Jen and I have been friends since freshman year of high school– 1995. That’s 20 years! Holy cow.

The event was called Angels Against Abuse, and before we ran there was a speaker. She talked about how she found the strength to leave her ex-husband, the man who was “the father of my children.”  She repeated that last phrase emphatically– and I got it. Wouldn’t that be the primary arrow aimed at any woman trying to move on and escape an abusive relationship? Aren’t women always pressured to forgive all because they are expected to sacrifice not just her happiness, but her own well-being and safety in the name of keeping the family together? She said she knew if she didn’t leave, one day he would kill her. The most incisive moments for me was when she read excerpts of the love letters he would write her after the abuse. The promises, the begging, the hope he would spark that he really did want to treat her better. Her belief that *she* was the one who could heal him– he’d had a rough life.

She credited her counselor with helping her manufacture courage to start her own life with her children– safely. That counselor was her advocate at each court date, all the way until the divorce was finalized.

Afterward, they hugged. I was definitely tearing up.

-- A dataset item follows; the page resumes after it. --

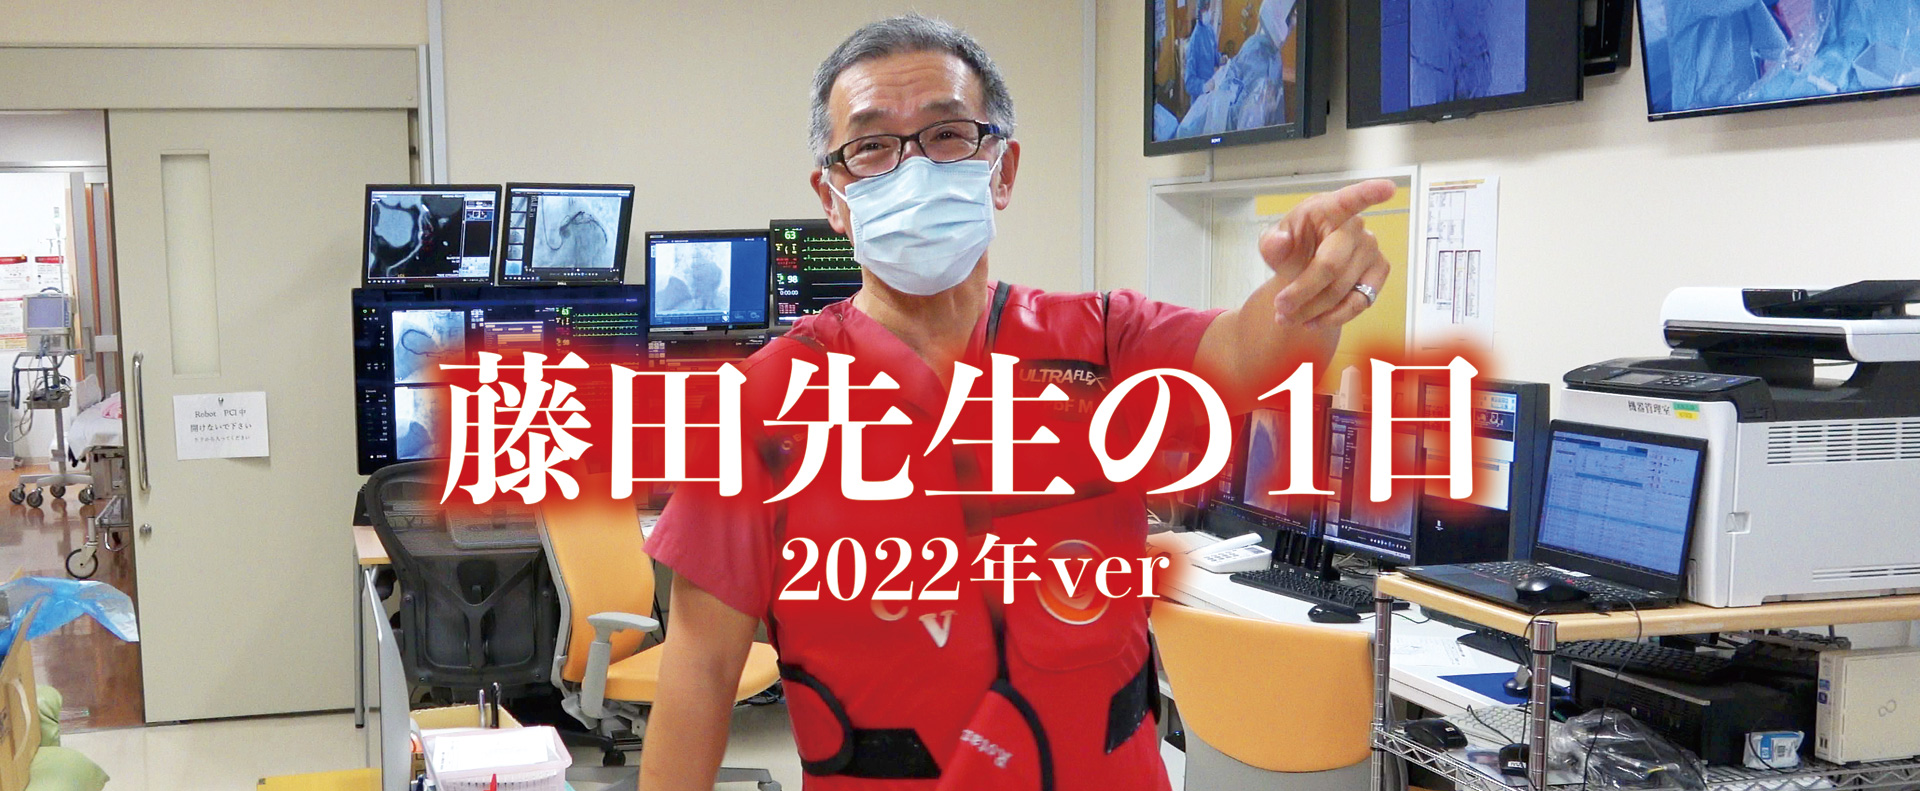 藤田先生の一日 2022年ver
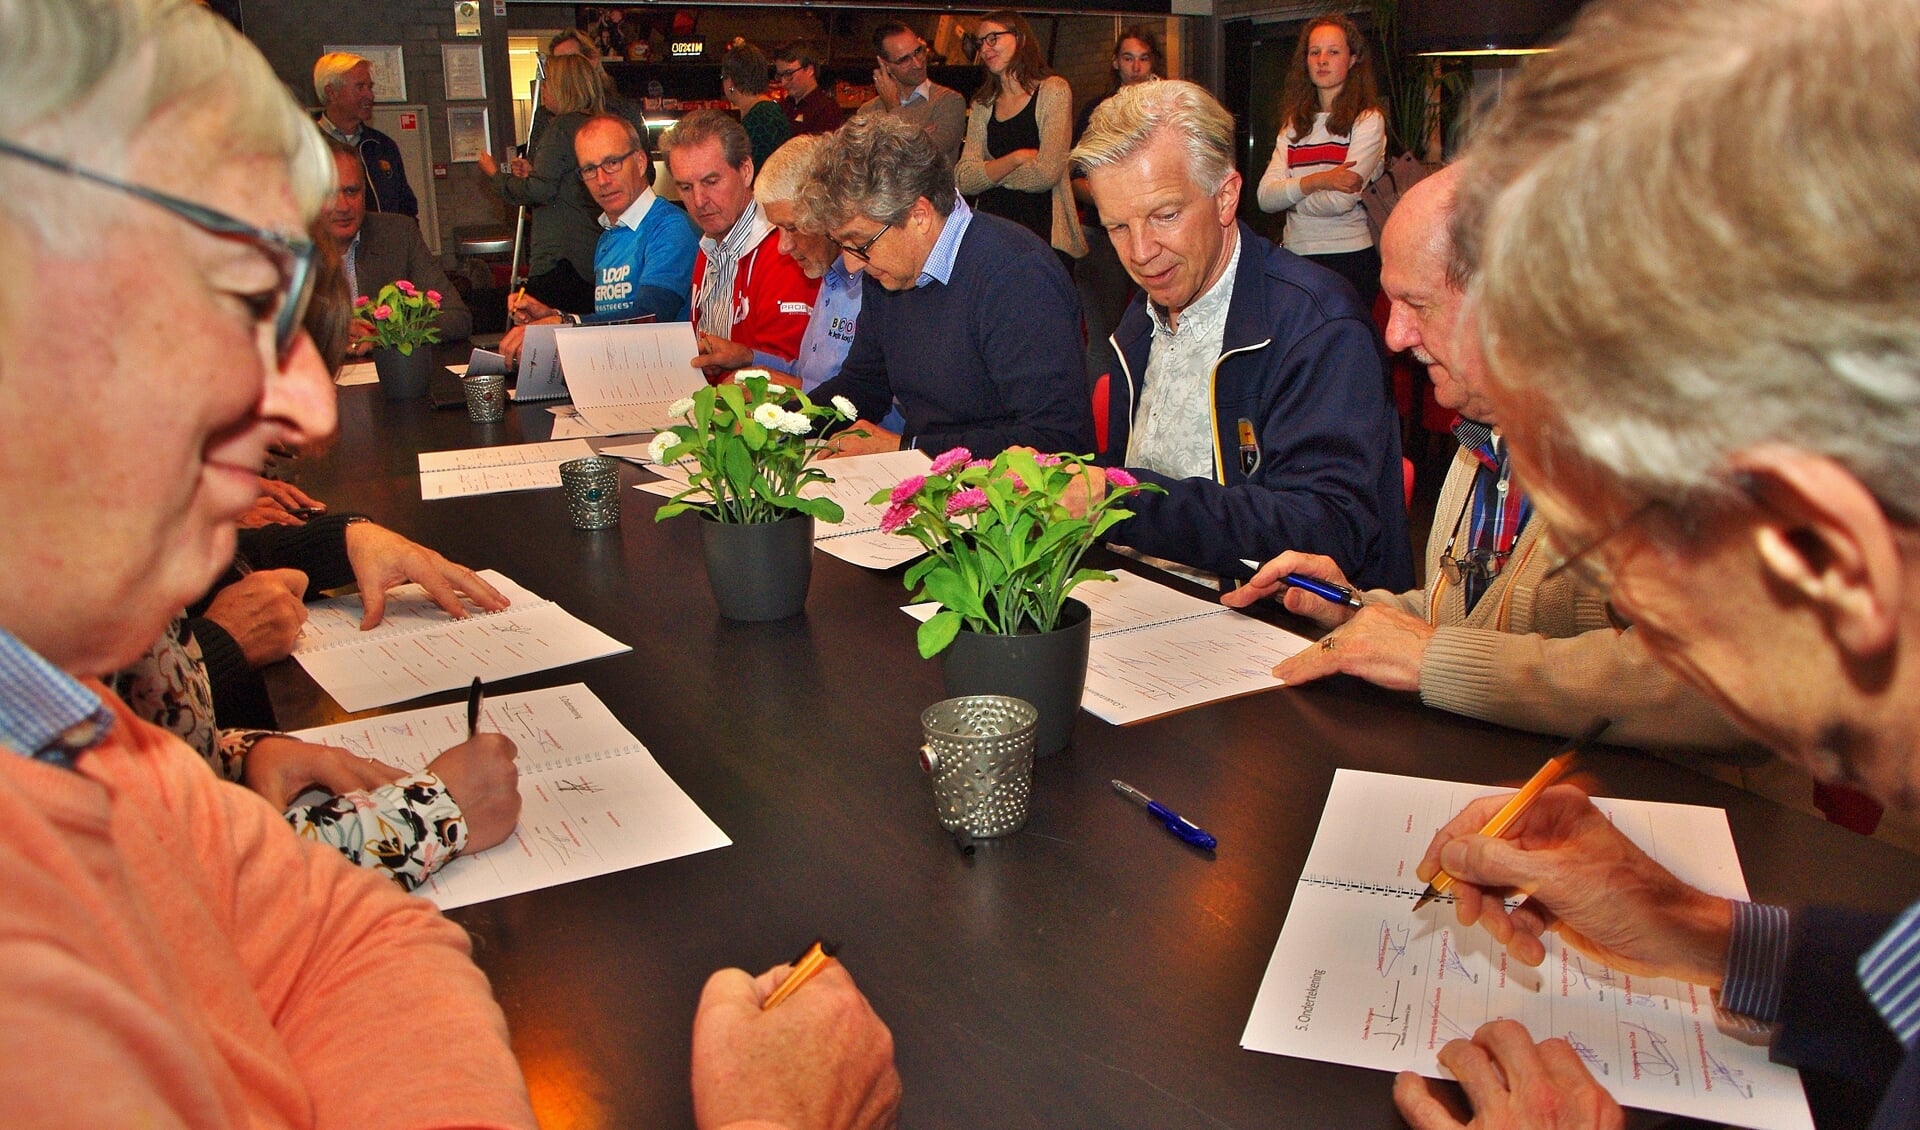 Alle verenigingen tekenden het sportakkoord. | Foto's Willemien Timmers

And subsequently, the race stated.

There were times she needed to slow down and walk, and there were times that I did. And both of us are happy to comply and wait until the other was ready to run again. We’d talk a little.

And she was always positive, always fun!

It was equal. And both of us suggested running again to the other and encouraged each other to keep going.

We were also laughing because we got hit with not just substantial wind resistance, but rain!!

It was really coming at us! Luckily I had a hoodie from the event, but I was soaked. My toes were squishy in my shoes.

I joked that we were “hardcore” runners now! I I felt like such a bad ass.

Crossing the finish line was such an achievement!! I’ve never had to deal with so much weather in a run.

I did see my time at the end,  but didn’t make particular note of it.

Then we grabbed some refreshments and snacks, thanked each other for a great race,and went our separate ways.

Neither cared about how we ranked. We had achieved our goal!

And now it was time to go home and enjoy it.

In two weeks we have another 5K, in Chicago. Cannot wait!!

A Benefit of Singlehood: More Lady Friends!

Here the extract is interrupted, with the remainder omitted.